Investigators have since inspected the hotel and checked the carpets on the sixth floor, where the alleged meeting took place, against Agrizzi’s photographs and believe they are a match, the commission has heard.

Dutton said investigators have shown the photographs to senior state advocate M. de Kock, the original prosecutor in the Bosasa case and a Colonel Moodley, adding that both told them they appear to be ACTT progress reports dated August 2015.

This means Myeni would have given Agrizzi and Watson a fresh update among the documents allegedly shared at the hotel that September.

These are not publicly available documents, they are correspondence between the police and the NPA,” Dutton said.

Agrizzi’s phone did not contain the metadata for the images but, Dutton said, upon completing his evidence before the commission, Agrizzi voluntarily handed his devices to the commission’s digital forensic team and they have since conducted an examination thereof.

Dutton testified that they found the file where the photographs had originally been recorded and a metadata analysis by experts confirmed that they were taken in the “vicinity” of the Sheraton Hotel and that they were taken on September 23 2015 – supporting Agrizzi’s testimony of the alleged meeting with Myeni.

Dutton’s testimony followed that of two other witnesses who had provided the commission with backing for elements of Agrizzi’s testimony.

They included Themba Mlambo, one of the other investigators who had conducted a spot check on the homes of various politicians, among them Environmental Affairs minister, Nomvula Mokonyane and deputy minister of justice and constitutional development, Thabang Makwetla, who allegedly had had private security installed at their properties courtesy of Bosasa.

Mlambo had been taken to these properties by Bosasa employee, Richard Le Roux, the man who had overseen the security installations, dubbed “special projects”.

In addition, the commission heard from Gregory Lawrence, a former employee of Equal Trade, a company that allegedly helped supply Bosasa with hard cash for its bribe system.

Lawrence testified to how he had made several drops of around R500,000 to over R1-million at times at Bosasa’s Krugersdorp office.

This money, Lawrence testified, was generally cash (received in plastic bags or boxes) which he had been paid as a food and booze supplier to buyers in other African countries.

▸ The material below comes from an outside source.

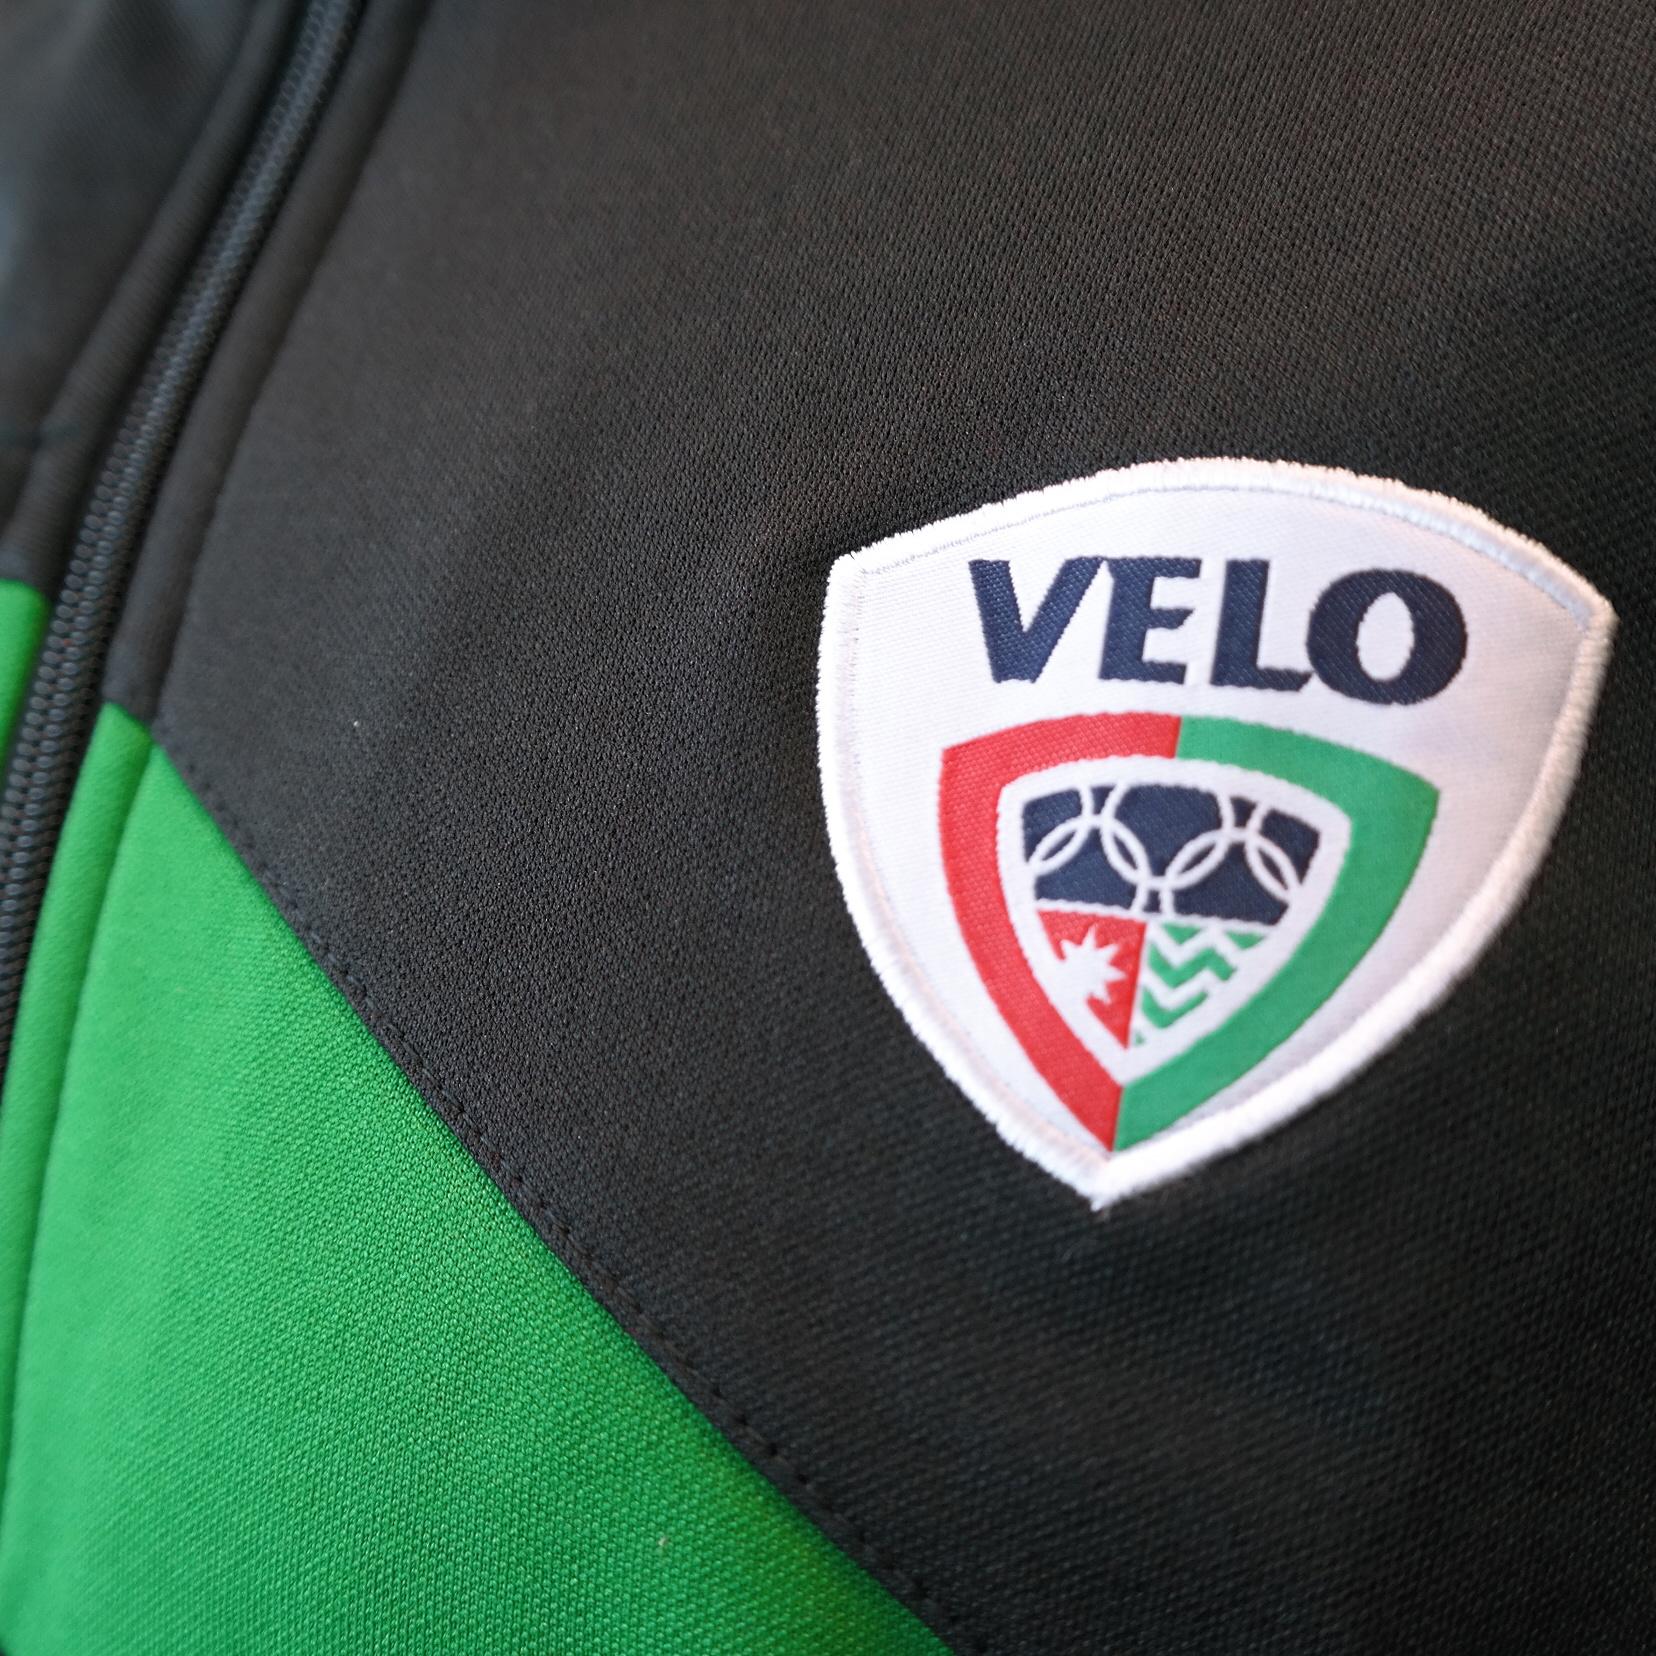 Velo Jack Jeugd, Zwart/Groen

Bosasa would then transfer the equivalent via EFT to the company.

Earlier testimony by Agrizzi had revealed how Bosasa used all sorts of crazy schemes to generate money for bribes.

Lawrence said he was at some point removed from the cash operation but told the commission that he had later, inadvertently, been sent an e-mail from someone at Bosasa containing documents that included “purchase orders” for items like “samp, rice, maize,” from Equal Trade.

When he asked his then boss, Greg Lacon-Allin of Equal Trade about this, Lawrence said he was told there had been another cash order.

*Current News24 Editor-in-Chief, Adriaan Basson, a journalist who has covered the Bosasa story for more than a decade, was a surprise witness at the state capture inquiry on Tuesday morning. Basson testified about various threats he received from people allegedly associated with Bosasa – including a media consultant, Benedicta Dube – who had called him once for a nearly 20-minute long conversation in which she had warned him to back off the story.

In that conversation, Basson said, Dube rattled off a long list of names of family members and friends, their professions and addresses – information not generally publicly available.

The objective of that call, like with the others, was to intimidate him to stop writing about the company.